The purpose of this study is to evaluate the safety and efficacy of an intramuscular injection of BK1310 in healthy infants.

Detailed Description

Not available

Study Timeline

• Study First Submitted: 2017-06-13
• Study First Submitted QC: 2017-06-13
• Study First Posted: 2017-06-15
• Study Start: 2017-06-23
• Primary Completion: 2017-11-02
• Study Completion: 2018-08-09
• Results First Submitted: 2024-03-26
• Status Verified: 2024-11
• Results First Submitted QC: 2024-11-18
• Last Update Submitted: 2024-11-18
• Results First Posted: 2025-01-03
• Last Update Posted: 2025-01-03

Recruitment & Eligibility

• Status: COMPLETED
• Sex: All
• Target Recruitment: 33

Inclusion Criteria

• Healthy infants aged ≥2 and <43 months at the first vaccination of the study drug (recommended: ≥2 and <7 months).
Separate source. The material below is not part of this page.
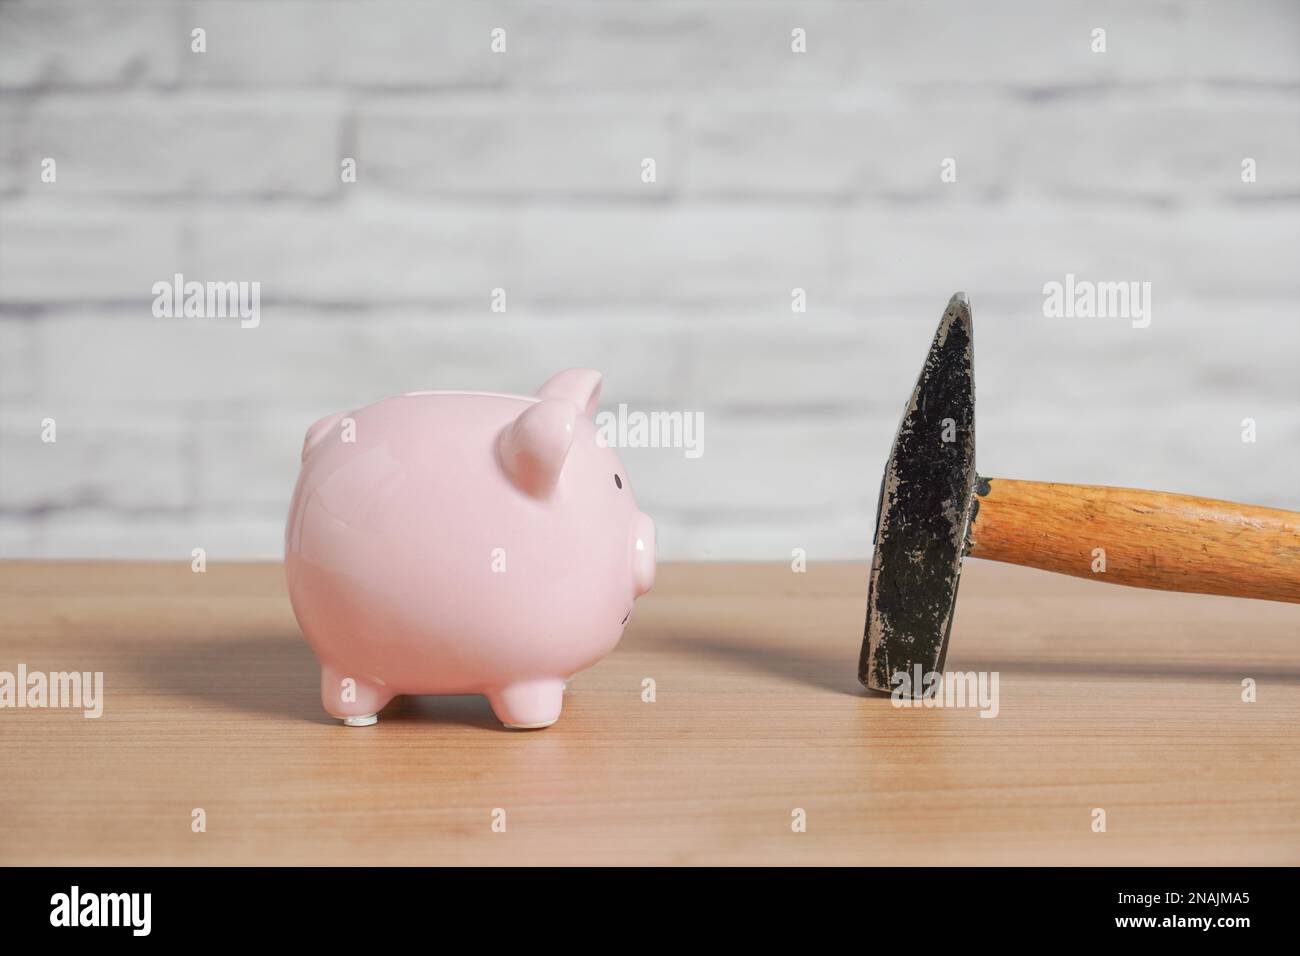 Sparschwein und Hammer - Konzept zum Brechen oder Zerschlagen sparschwein oder Münzbank, um Ersparnisse zu plündern Stockfoto
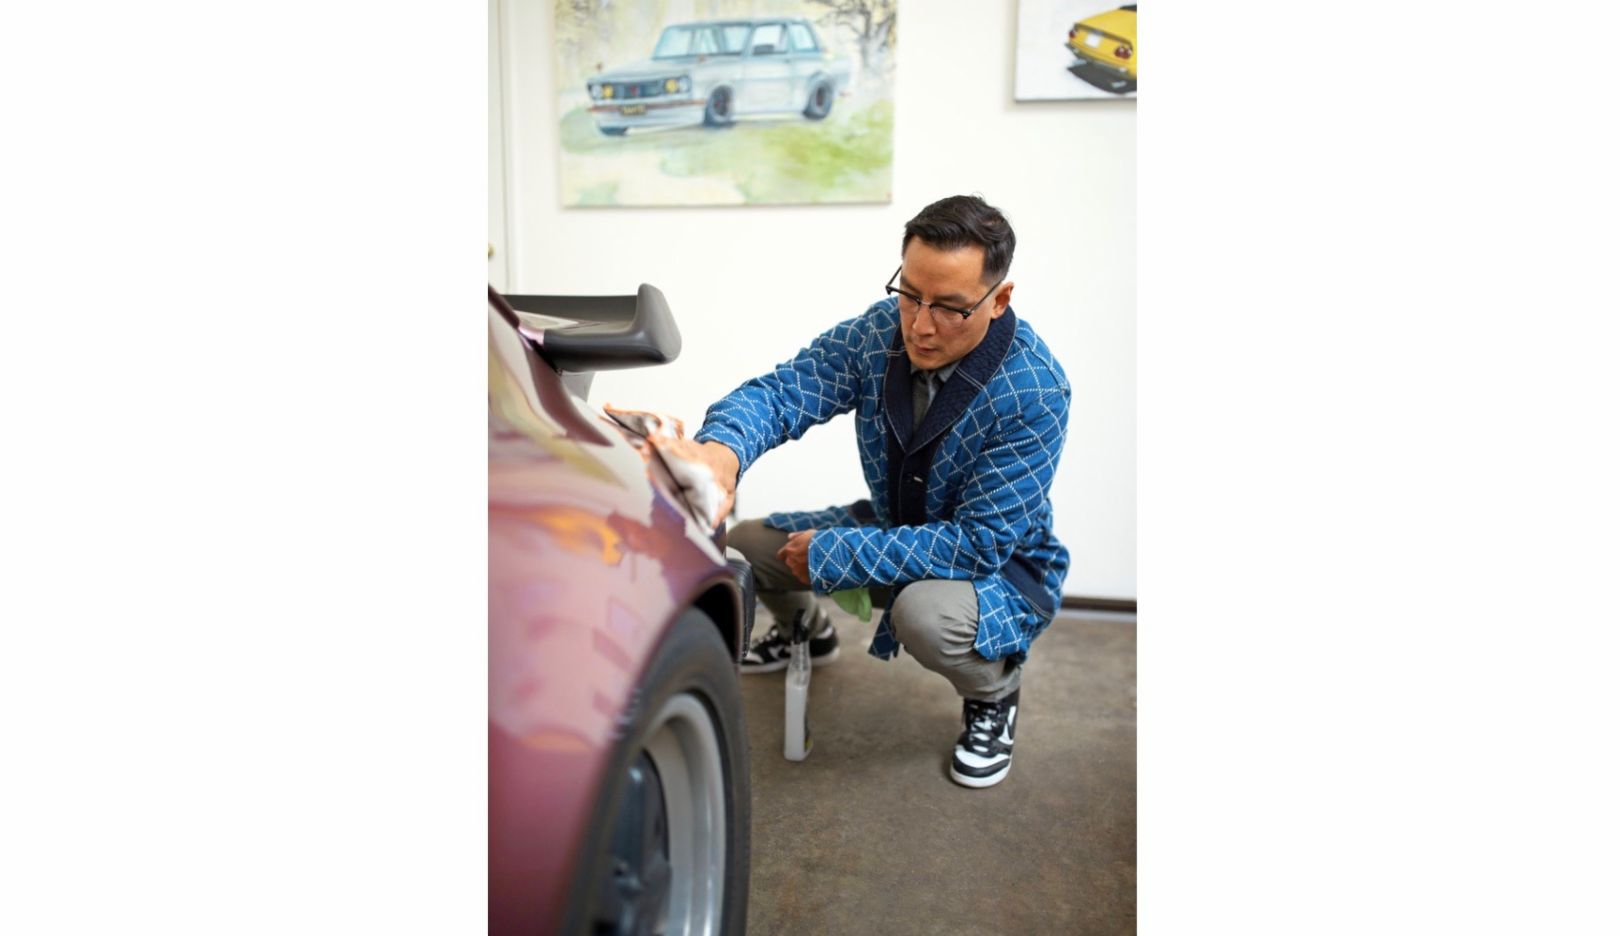 Há dez anos, Daniel Wu assumiu o Porsche 911 de 1988 do pai, de que cuida com carinho desde então. O carro esportivo evoca muitas lembranças entre pai e filho.

Those who are applicable of the following conditions must be carefully observed before the enrollment: infants with known underlying disease such as cardiovascular disease, renal disease, hepatic disease, blood dyscrasia, respiratory disease or developmental disorder. Infants who developed fever within 2 days after any previous vaccination. Infants with history of convulsions.
• Written informed consent is obtained from a legal guardian (parent)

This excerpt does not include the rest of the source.